Why would an amoralist choose to act against their own self/intersest happiness? Given complete freedom of choice without moralistics constraints why wouldn't you choose the course that always makes you the most happy?

I'm not saying self interest is how people "ought" to act, I'm saying that's how the "would" act. Hence no morality is needed.
Free Soviets
13-11-2004, 03:04
Why would an amoralist choose to act against their own self/intersest happiness? Given complete freedom of choice without moralistics constraints why wouldn't you choose the course that always makes you the most happy?

I'm not saying self interest is how people "ought" to act, I'm saying that's how the "would" act. Hence no morality is needed.

because they feel like it? because they've taken to making decisions based on a coin flip? who knows - they're amoralists, the standard human decision-making processes don't so much apply to them.
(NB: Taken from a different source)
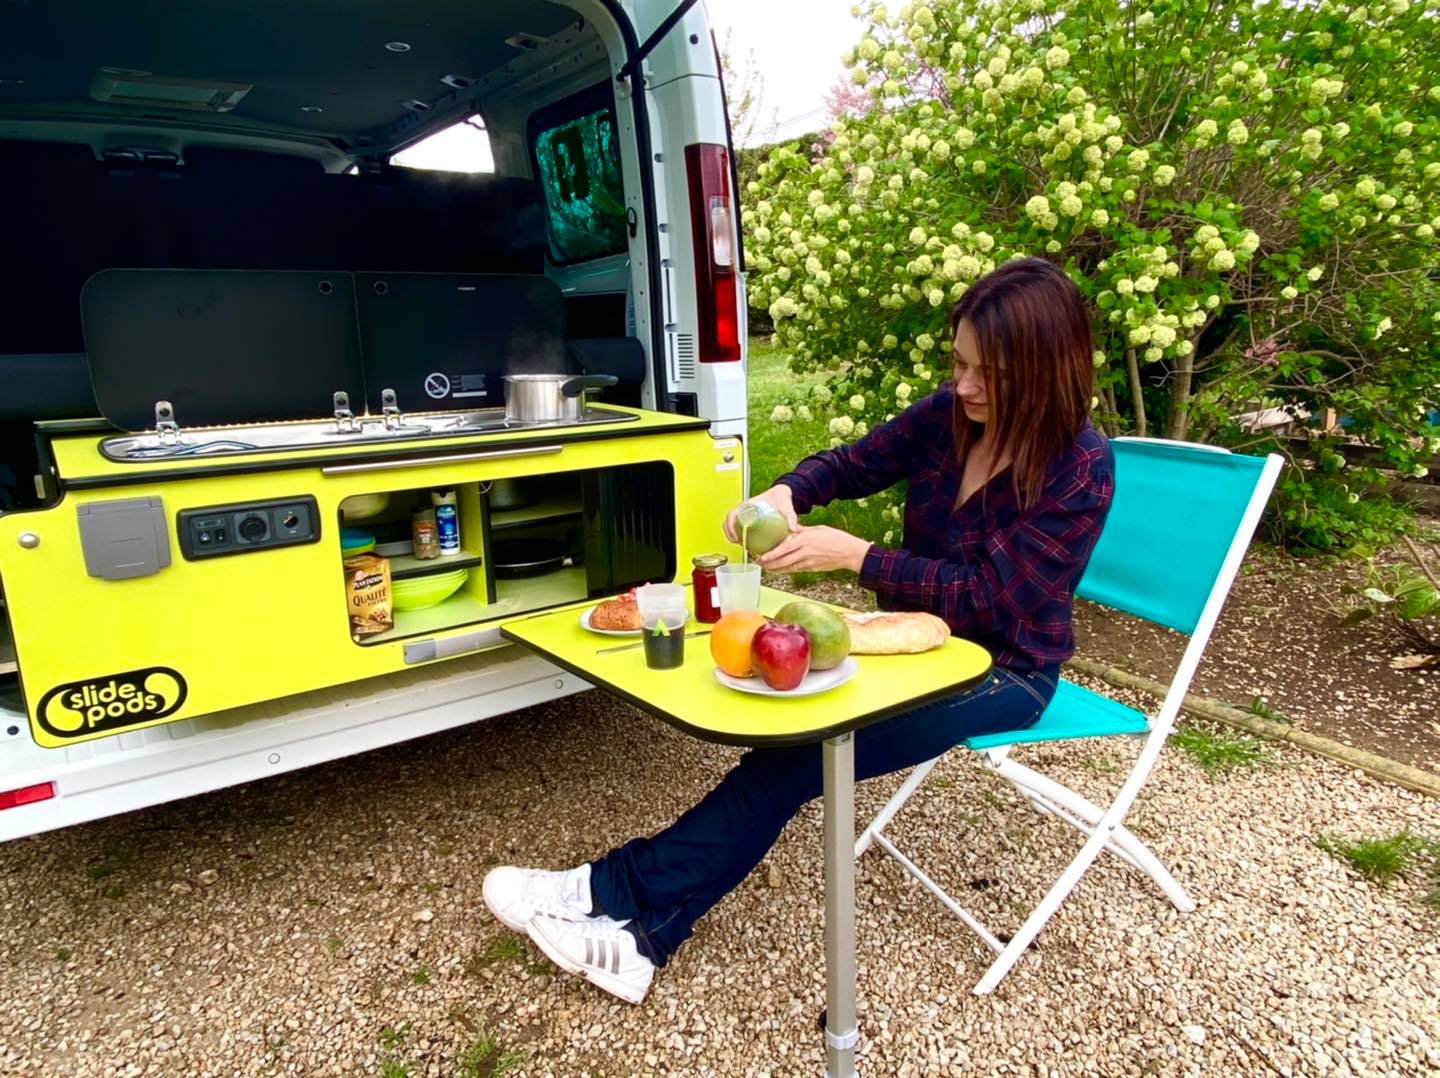 Removable camping kitchen

people make choices other than that which is most pleasurable or in their own self-interest quite regularly. if it is possible to act against your self-interest now, then i see nothing to prevent it among a population of amoralists. and nobody could argue them out of it or tell them it was wrong without invoking an ought statement. which only would make the person presenting the argument into a moralist, because the amoralist would still say "so what?" or maybe flip their coin to see if they would take up deciding things on the basis of self-interest.
Peopleandstuff
13-11-2004, 03:15
because they feel like it? because they've taken to making decisions based on a coin flip? who knows - they're amoralists, the standard human decision-making processes don't so much apply to them.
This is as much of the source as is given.